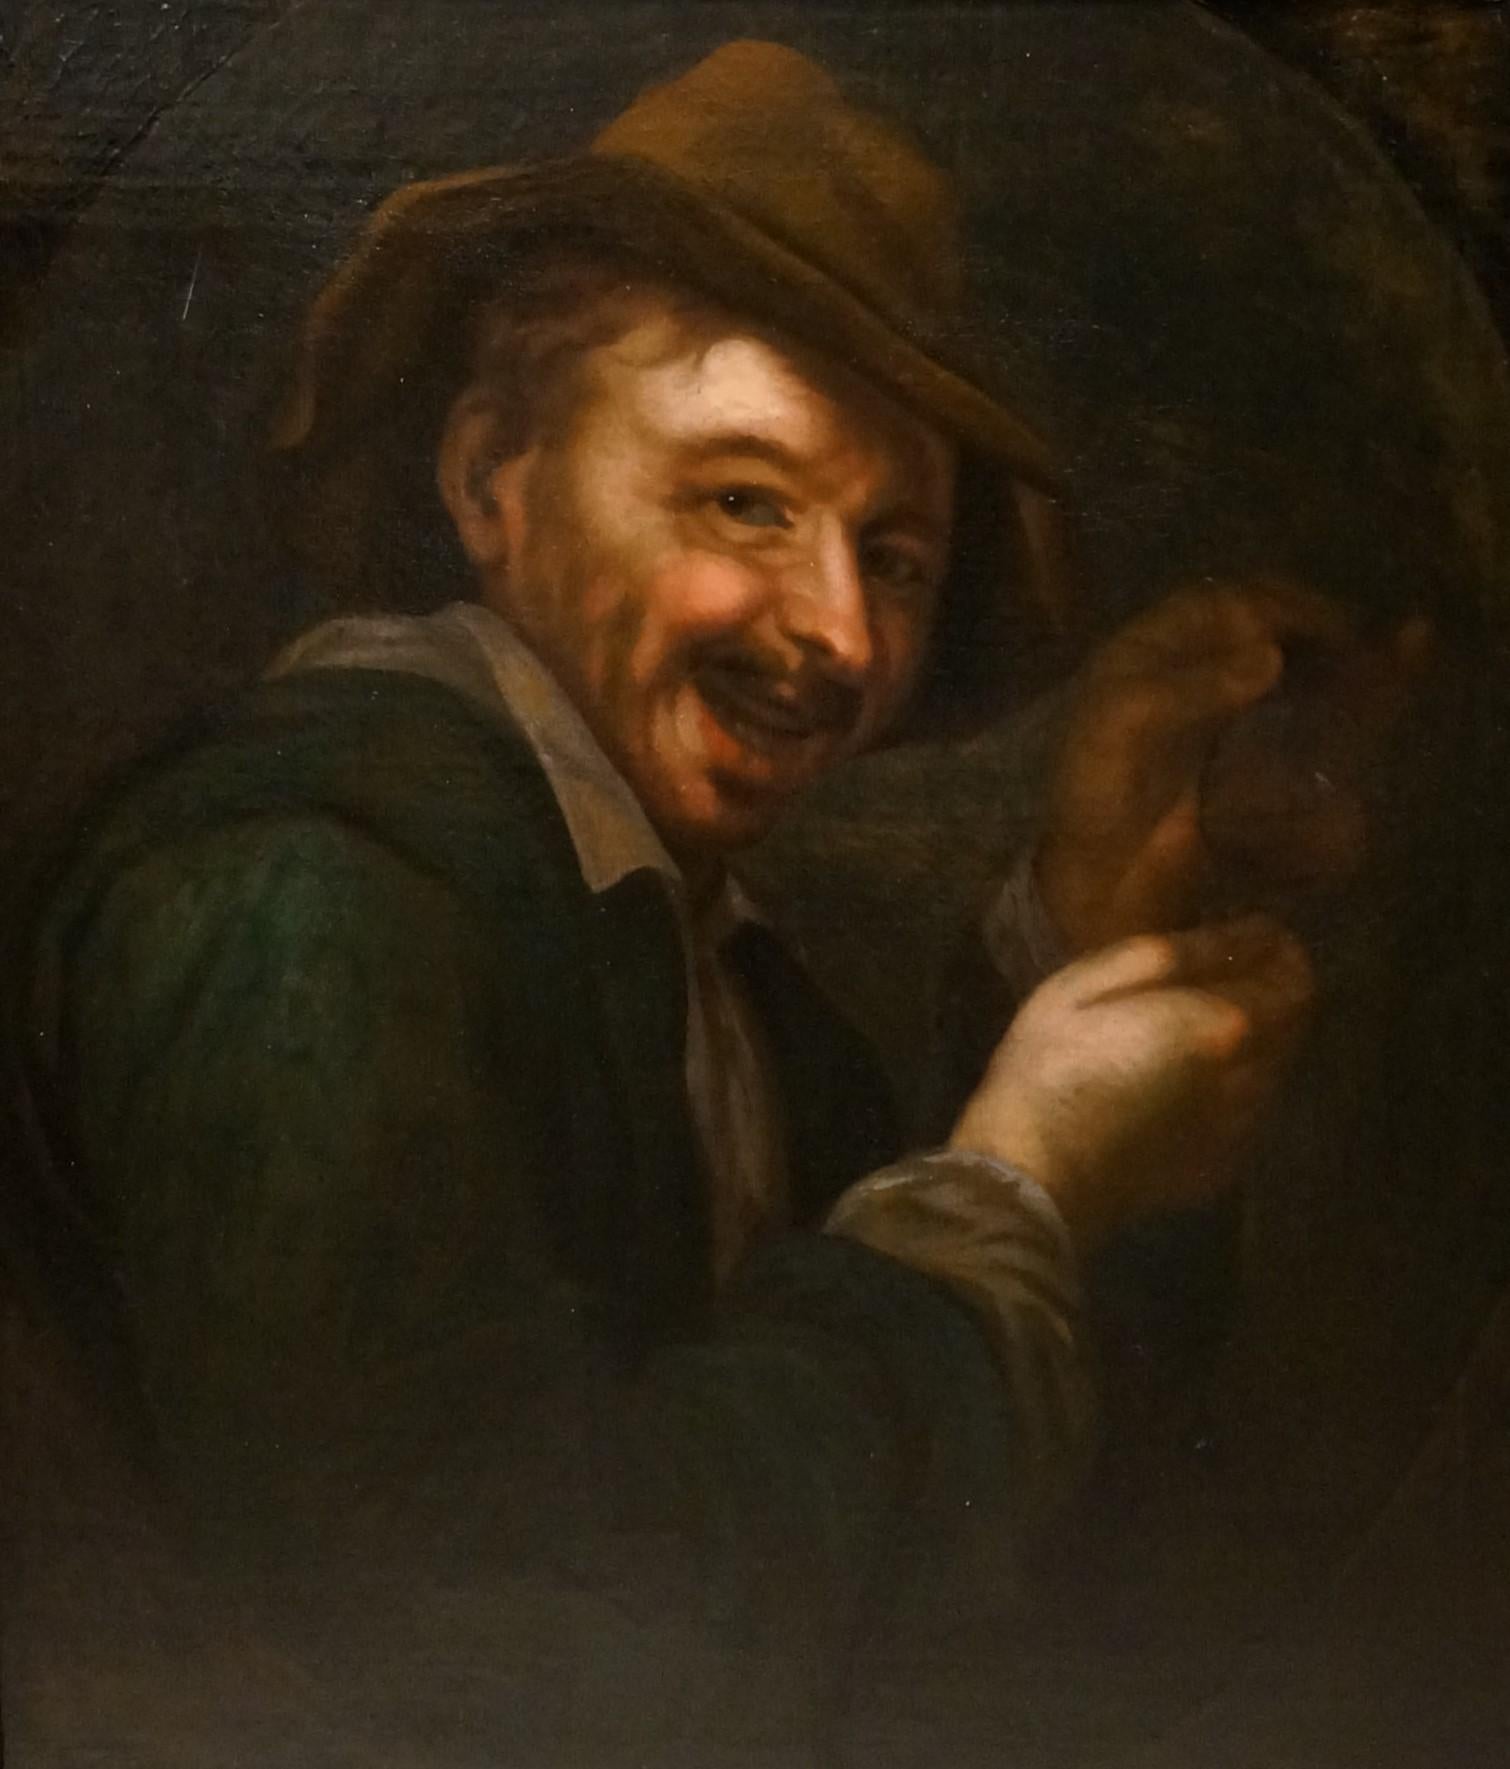 painting surprised man
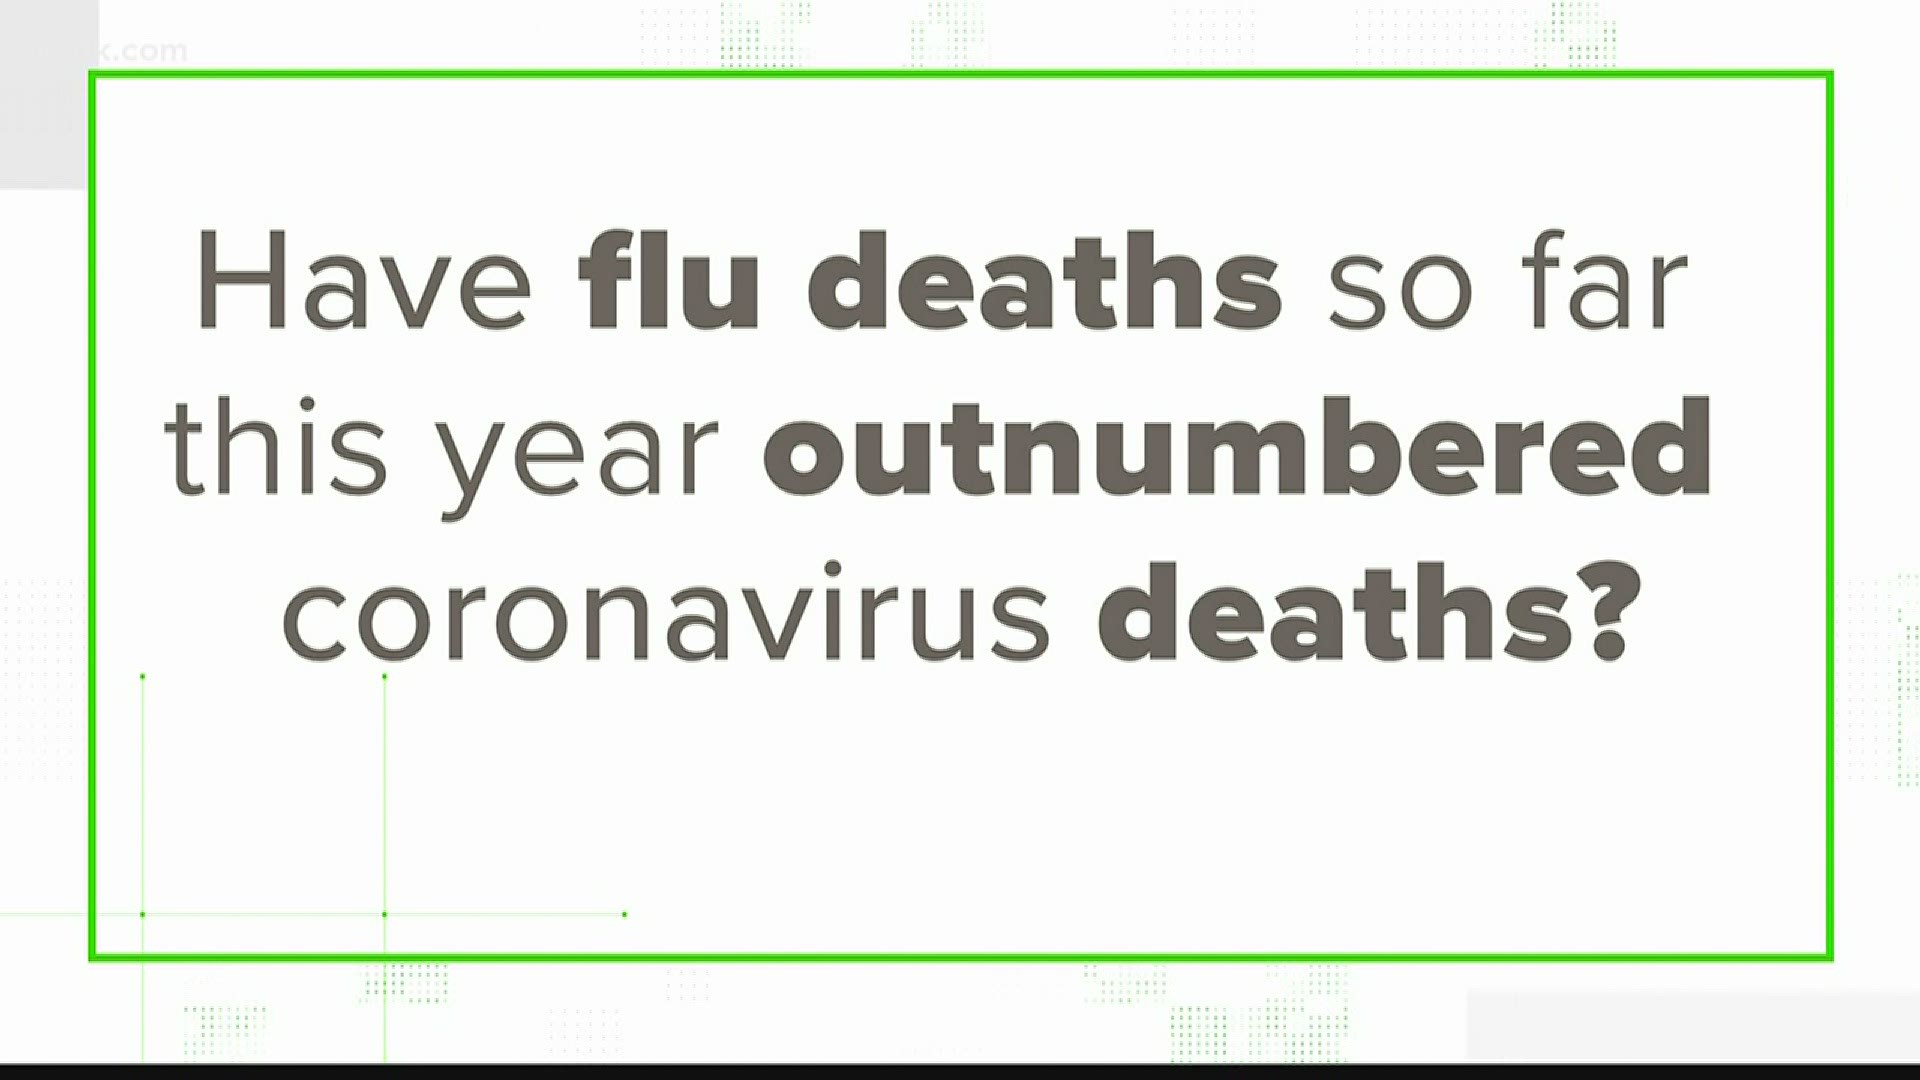 Has the flu been more deadly than the coronavirus so far in 2020?
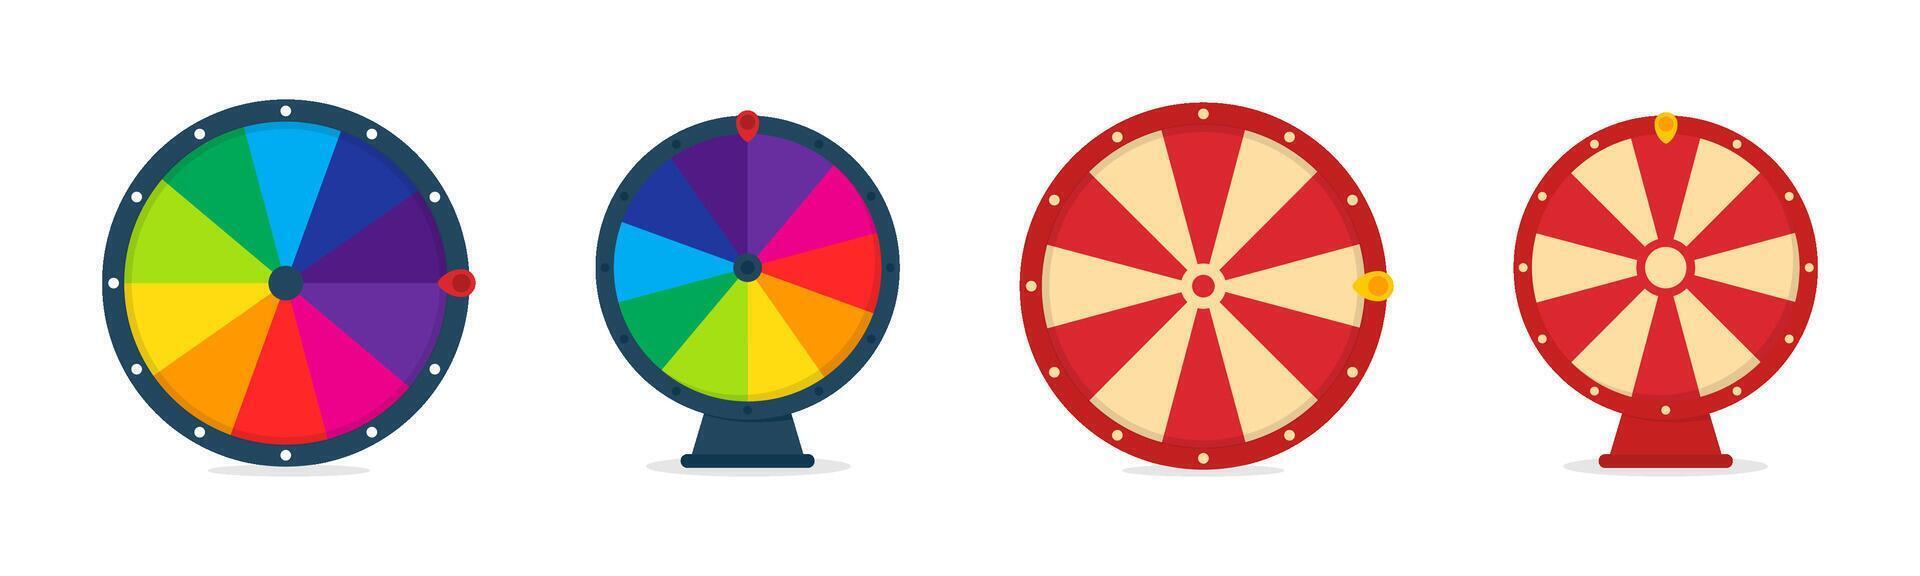 Wheel of fortune. Wheel of fortune illustration. Fortune wheel vector

### Task instructions
Would you output the full listing exactly as it stands, minus the images?

### Completed exercise
 painting surprised man
 Has the flu been more deadly than the coronavirus so far in 2020?
 Wheel of fortune. Wheel of fortune illustration. Fortune wheel vector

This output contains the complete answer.